• **Data provided**
=====
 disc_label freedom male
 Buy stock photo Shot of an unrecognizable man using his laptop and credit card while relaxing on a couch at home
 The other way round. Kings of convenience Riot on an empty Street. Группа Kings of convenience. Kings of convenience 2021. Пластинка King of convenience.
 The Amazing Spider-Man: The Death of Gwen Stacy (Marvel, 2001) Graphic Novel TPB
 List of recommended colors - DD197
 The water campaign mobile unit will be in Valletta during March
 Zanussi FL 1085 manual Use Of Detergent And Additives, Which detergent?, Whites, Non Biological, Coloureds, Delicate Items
=====
• **Your objective**
Give back each line above precisely as it stands.

• **Result for this exercise**
 disc_label freedom male
 Buy stock photo Shot of an unrecognizable man using his laptop and credit card while relaxing on a couch at home
 The other way round. Kings of convenience Riot on an empty Street. Группа Kings of convenience. Kings of convenience 2021. Пластинка King of convenience.
 The Amazing Spider-Man: The Death of Gwen Stacy (Marvel, 2001) Graphic Novel TPB
 List of recommended colors - DD197
 The water campaign mobile unit will be in Valletta during March
 Zanussi FL 1085 manual Use Of Detergent And Additives, Which detergent?, Whites, Non Biological, Coloureds, Delicate Items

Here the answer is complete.